Skip to content

train

dreem.training.train

Training script for training model.

Used for training a single model or deploying a batch train job on RUNAI CLI

run(cfg)

Train model based on config.

Handles all config parsing and initialization then calls trainer.train(). If batch_config is included then run will be assumed to be a batch job.

Parameters:

Name Type Description Default
cfg DictConfig

The config dict parsed by hydra

required
Source code in dreem/training/train.py
@hydra.main(config_path=None, config_name=None, version_base=None)
def run(cfg: DictConfig):
    """Train model based on config.

    Handles all config parsing and initialization then calls `trainer.train()`.
    If `batch_config` is included then run will be assumed to be a batch job.

    Args:
        cfg: The config dict parsed by `hydra`
    """
    torch.set_float32_matmul_precision("medium")
    train_cfg = Config(cfg)

    # update with parameters for batch train job
    if "batch_config" in cfg.keys():
        try:
            index = int(os.environ["POD_INDEX"])
        except KeyError as e:
            index = int(
                input(f"{e}. Assuming single run!\nPlease input task index to run:")
            )

        hparams_df = pd.read_csv(cfg.batch_config)
        hparams = hparams_df.iloc[index].to_dict()
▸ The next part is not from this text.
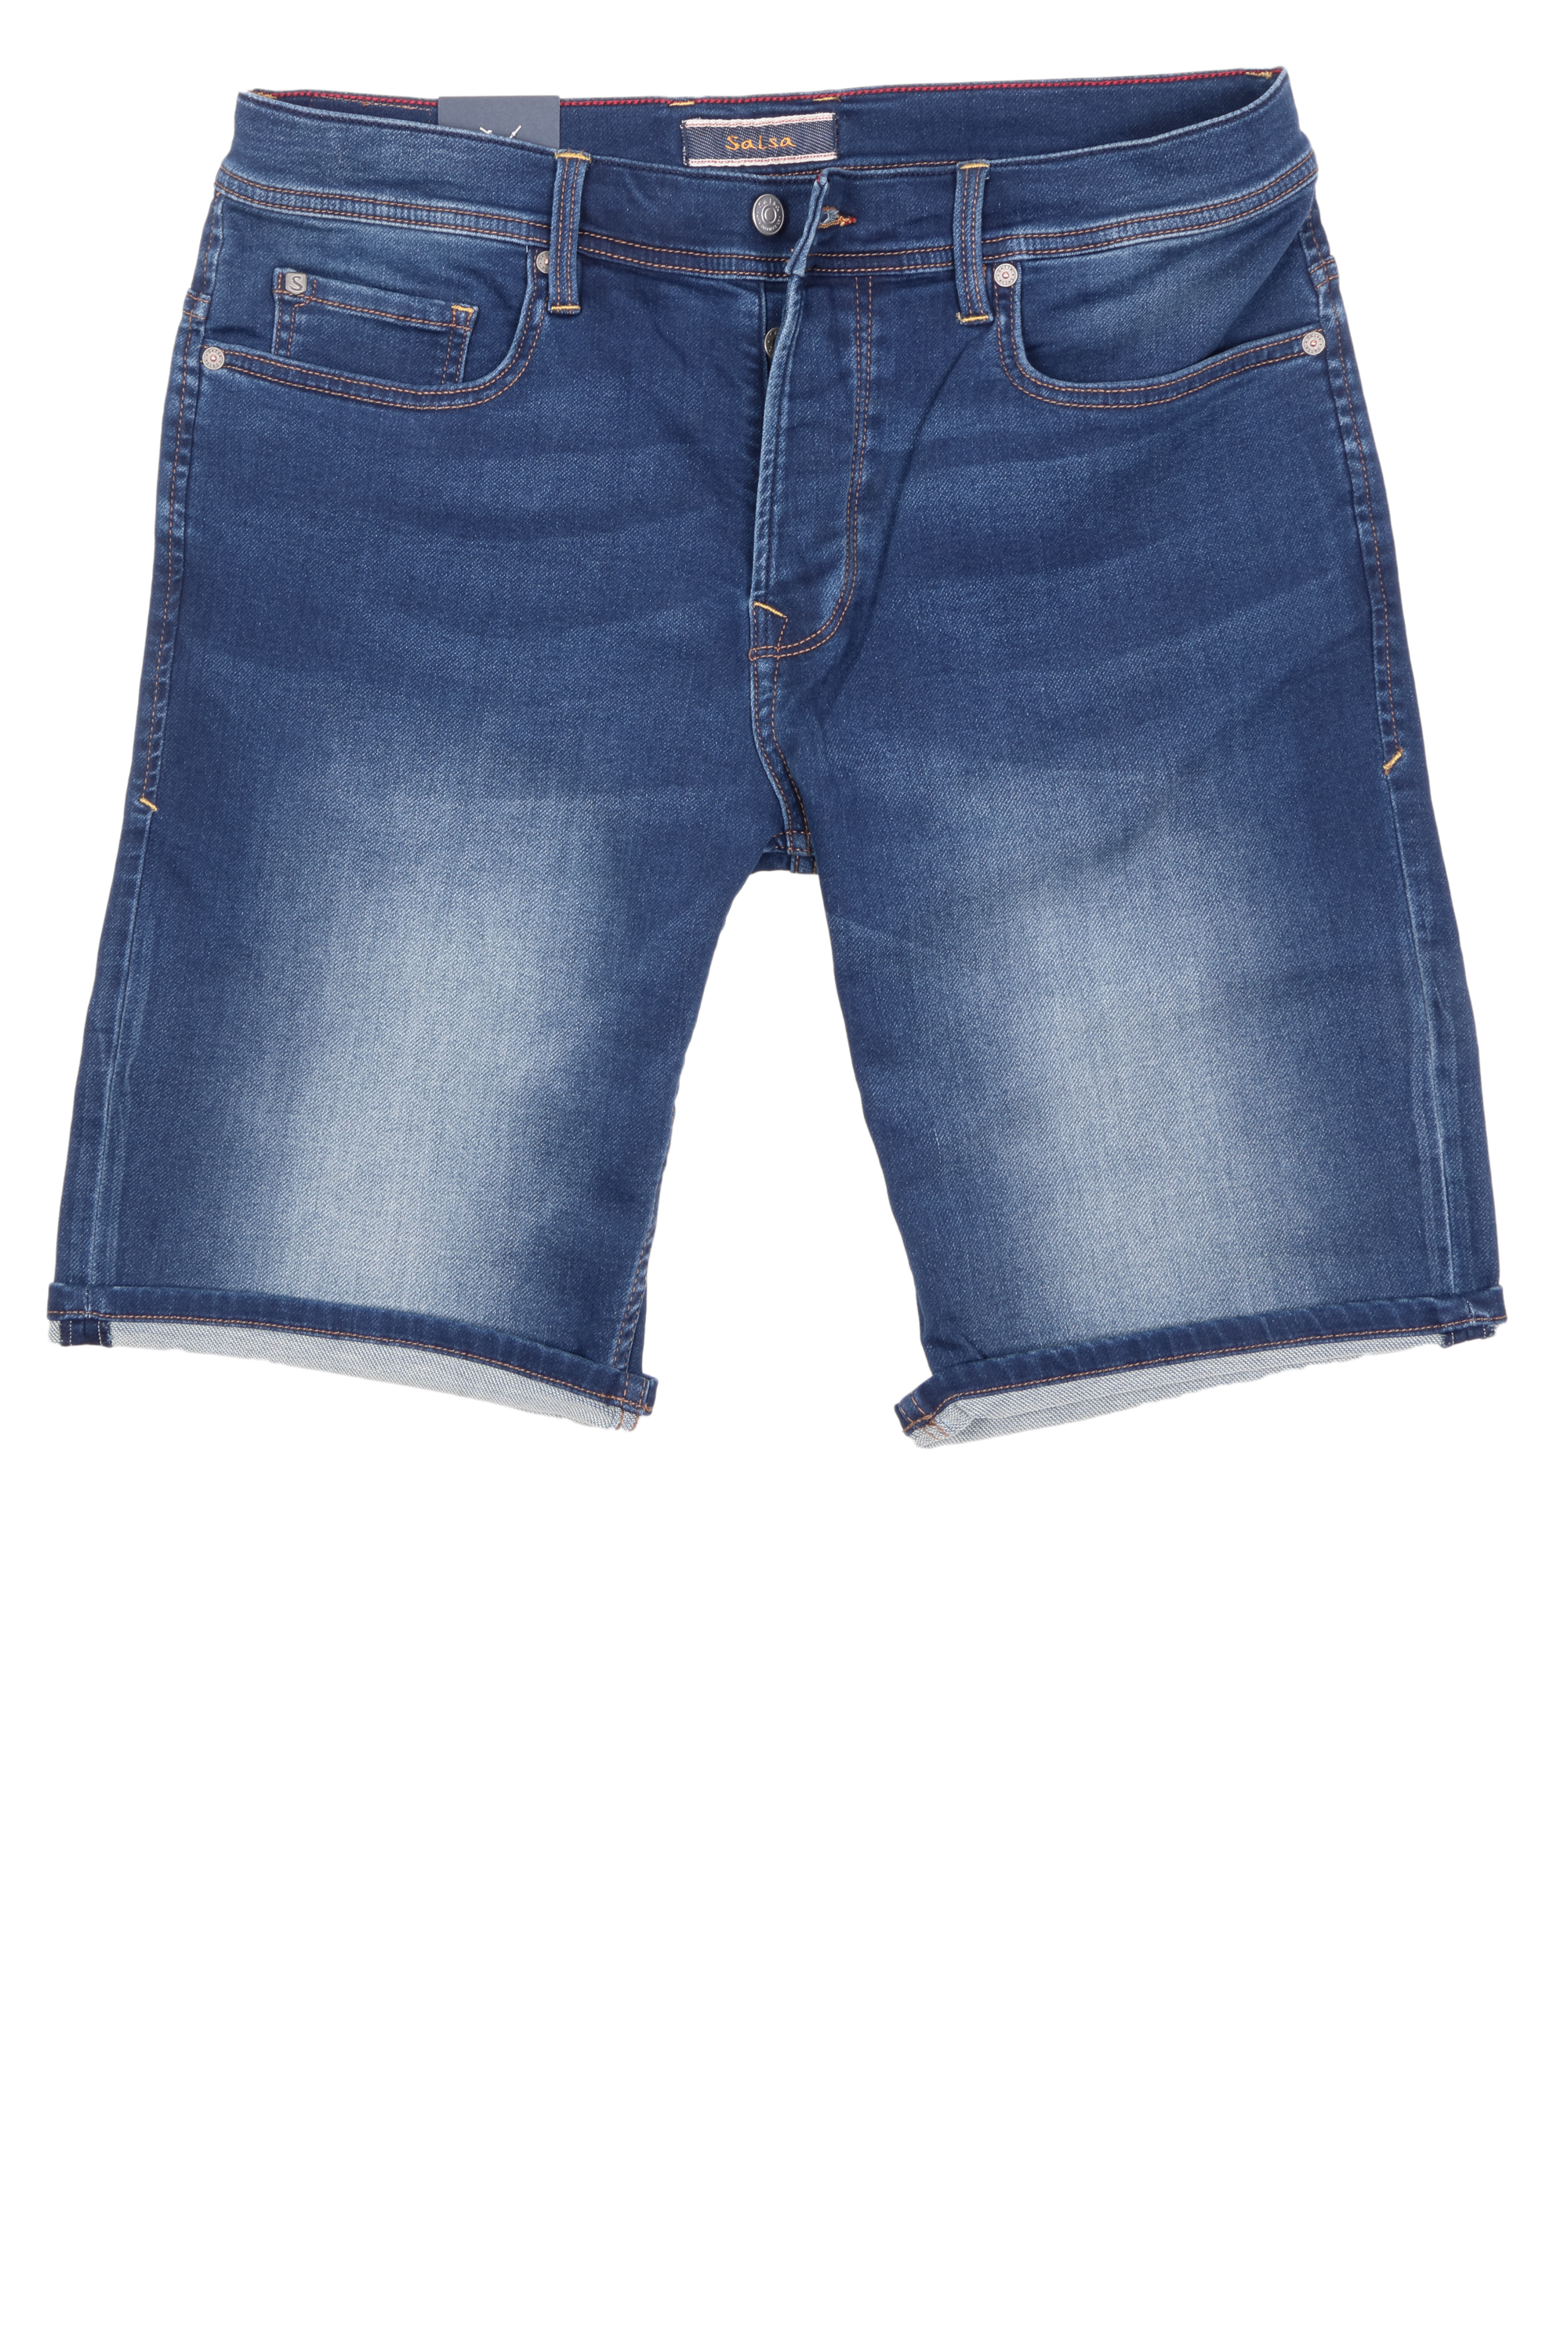 Salsa Herren Jeans Shorts Jog-Denim - blau 33
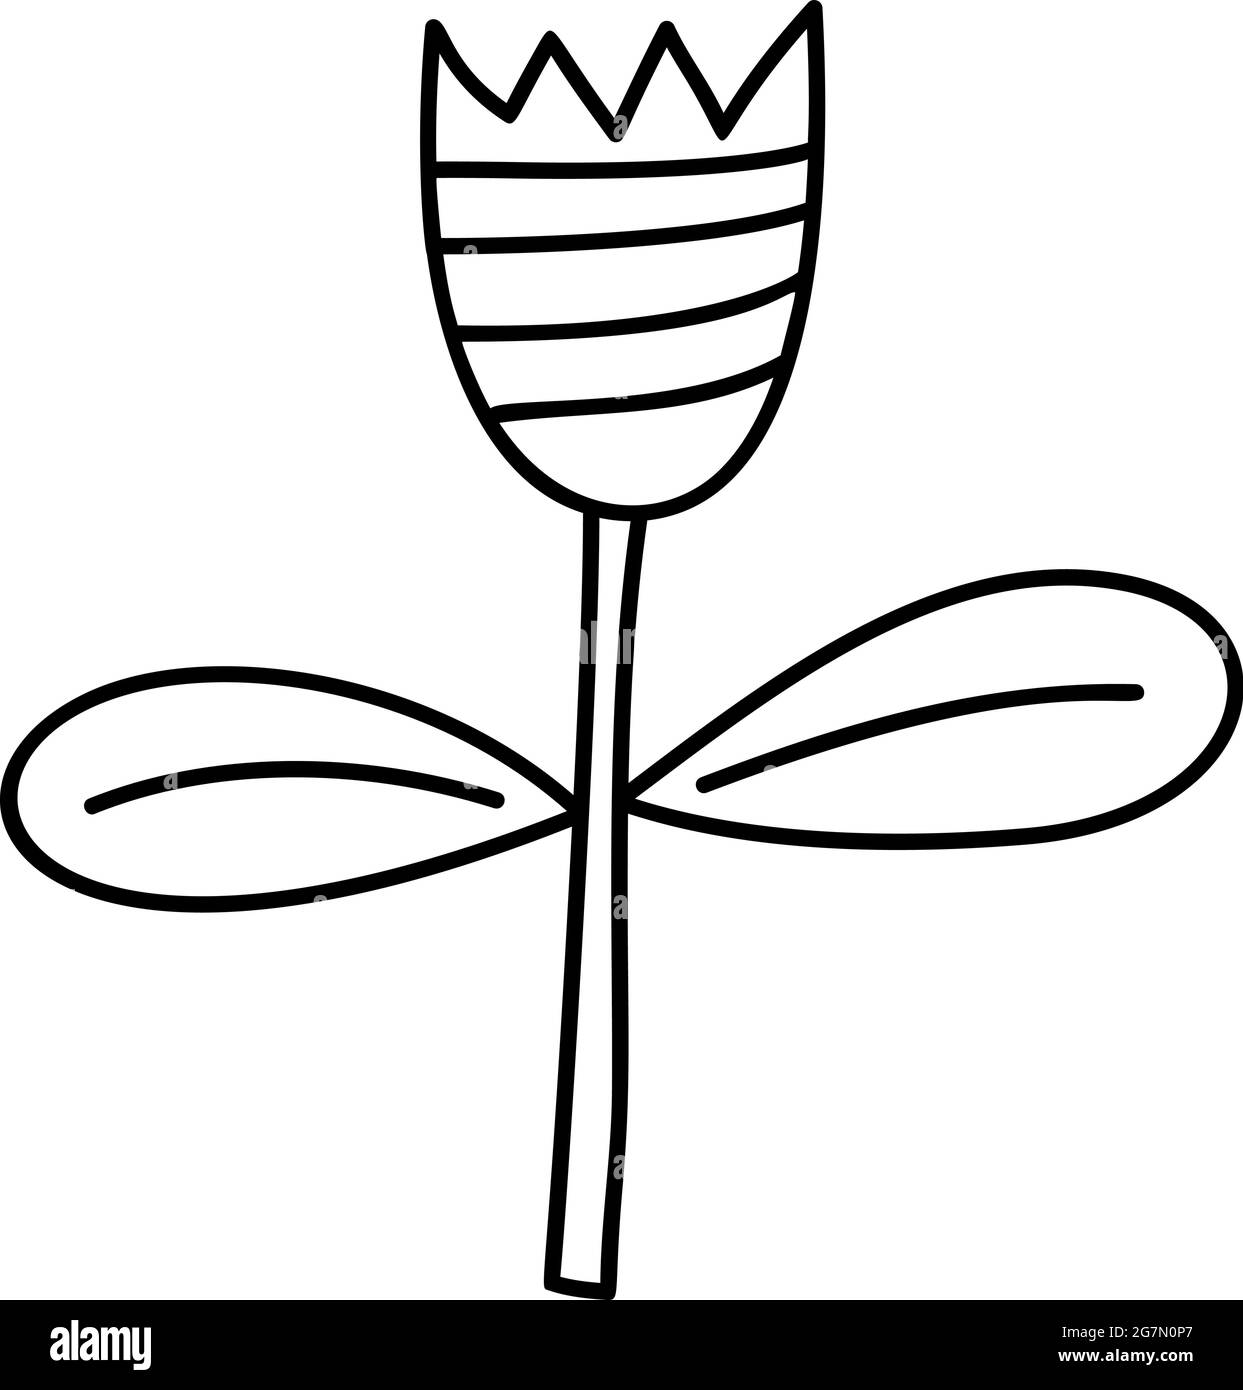 Fiore di primavera stilizzato vettoriale in stile monolino. Elemento grafico dell'illustrazione scandinava. Immagine floreale estate decorativa per il saluto Valentine Card Illustrazione Vettoriale

        if train_cfg.set_hparams(hparams):
            print("Updated the following hparams to the following values")
            pprint(hparams)
    else:
        hparams = {}
    pprint(f"Final train config: {train_cfg}")

    model = train_cfg.get_model()
    train_dataset = train_cfg.get_dataset(mode="train")
    train_dataloader = train_cfg.get_dataloader(train_dataset, mode="train")

    val_dataset = train_cfg.get_dataset(mode="val")
    val_dataloader = train_cfg.get_dataloader(val_dataset, mode="val")

    test_dataset = train_cfg.get_dataset(mode="test")
    test_dataloader = train_cfg.get_dataloader(test_dataset, mode="test")

    dataset = TrackingDataset(
        train_dl=train_dataloader, val_dl=val_dataloader, test_dl=test_dataloader
    )

    if cfg.view_batch.enable:
        instances = next(iter(train_dataset))
        view_training_batch(instances, num_frames=cfg.view_batch.num_frames)

        if cfg.view_batch.no_train:
            return

    model = train_cfg.get_gtr_runner()  # TODO see if we can use torch.compile()

    logger = train_cfg.get_logger()

    callbacks = []
    _ = callbacks.extend(train_cfg.get_checkpointing())
    _ = callbacks.append(pl.callbacks.LearningRateMonitor())
    _ = callbacks.append(train_cfg.get_early_stopping())

    accelerator = "gpu" if torch.cuda.is_available() else "cpu"
    devices = torch.cuda.device_count() if torch.cuda.is_available() else cpu_count()

    trainer = train_cfg.get_trainer(
        callbacks,
        logger,
        accelerator=accelerator,
        devices=devices,
    )

    trainer.fit(model, dataset)